Posted Jan 30, 2014 20:34 UTC (Thu) by vonbrand (subscriber, #4458) [Link] (1 responses)

Licenses like GPL operate in the range regulated by copyright law. If the PPL says the software can't be used unless wearing purple pajamas, that restriction is void as copyright doesn't cover use, only copying and distribution. Likewise, coyright covers copying of a particular work, not if it is shipped together with other stuff (unless it becomes a part of a greater whole, in which case you are talking about coyright on the collection as such). And I believe there are some "reasonableness" conditions in what the license might demand.

In what is wrongly called "software licenses" (which are really contracts) you can agree to more stringent conditions.

GCC, LLVM, and compiler plugins

Posted Jan 30, 2014 20:44 UTC (Thu) by DOT (subscriber, #58786) [Link]

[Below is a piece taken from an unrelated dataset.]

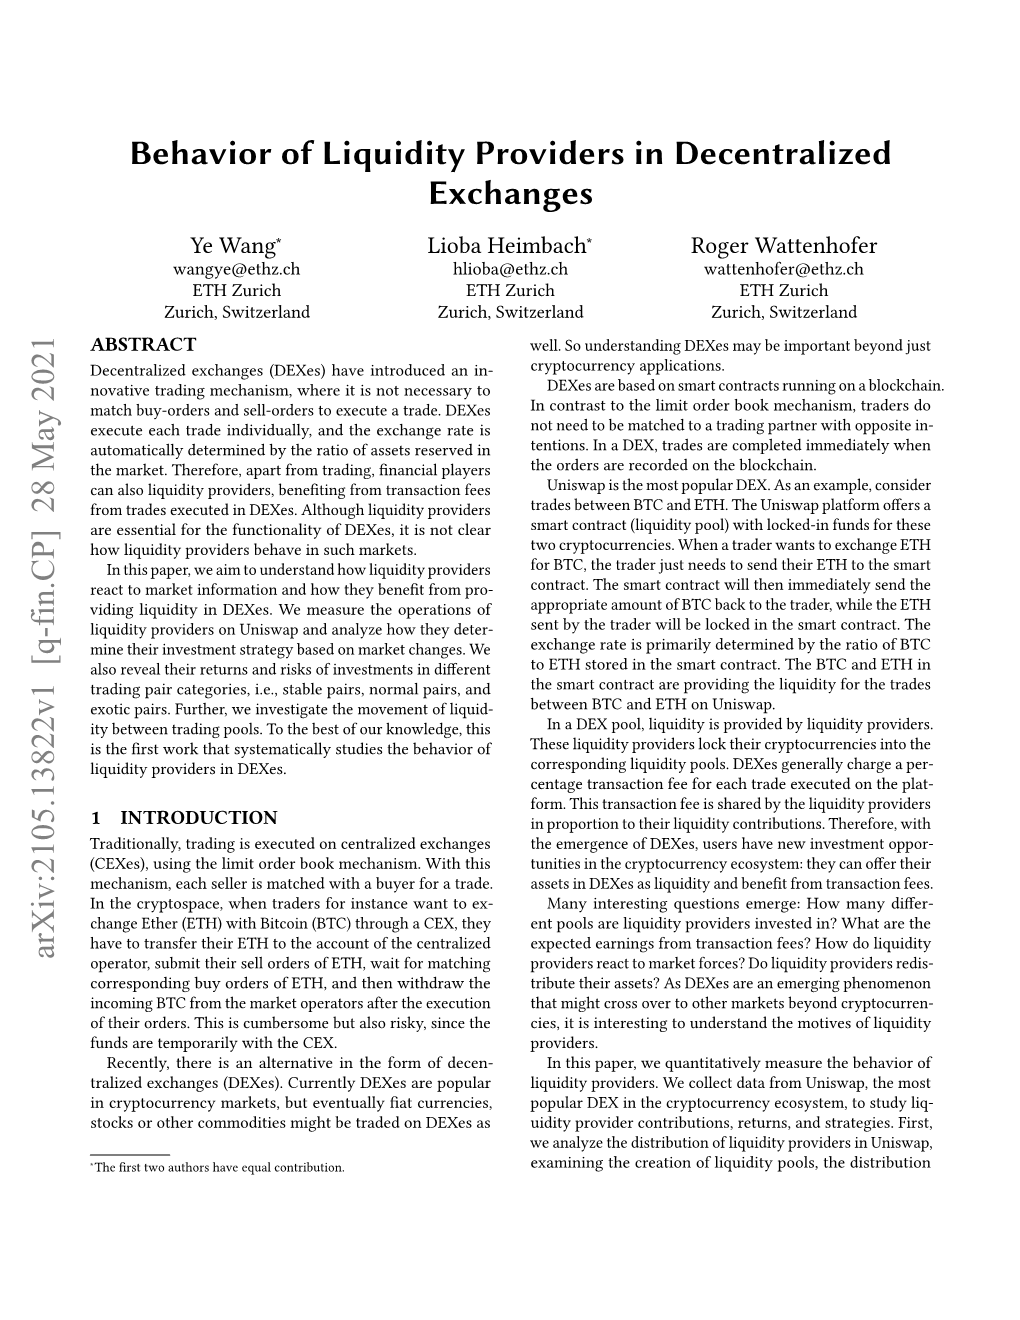 Behavior of Liquidity Providers in Decentralized Exchanges Arxiv:2105.13822V1 [Q-Fin.CP] 28 May 2021

Right, my mistake. Still, this only changes my argument slightly: a copyright license can still demand anything in return for giving you permission to copy or distribute. It may demand that you don't link it with proprietary software just like it may demand that you wear purple pajamas while doing the distributing.

This does restrict the power of the GPL: it cannot say anything about linking the program with a proprietary one on you own system. But it can say just fine that it considers such linking a BadThing, and it may not be distributed while it is a BadThing.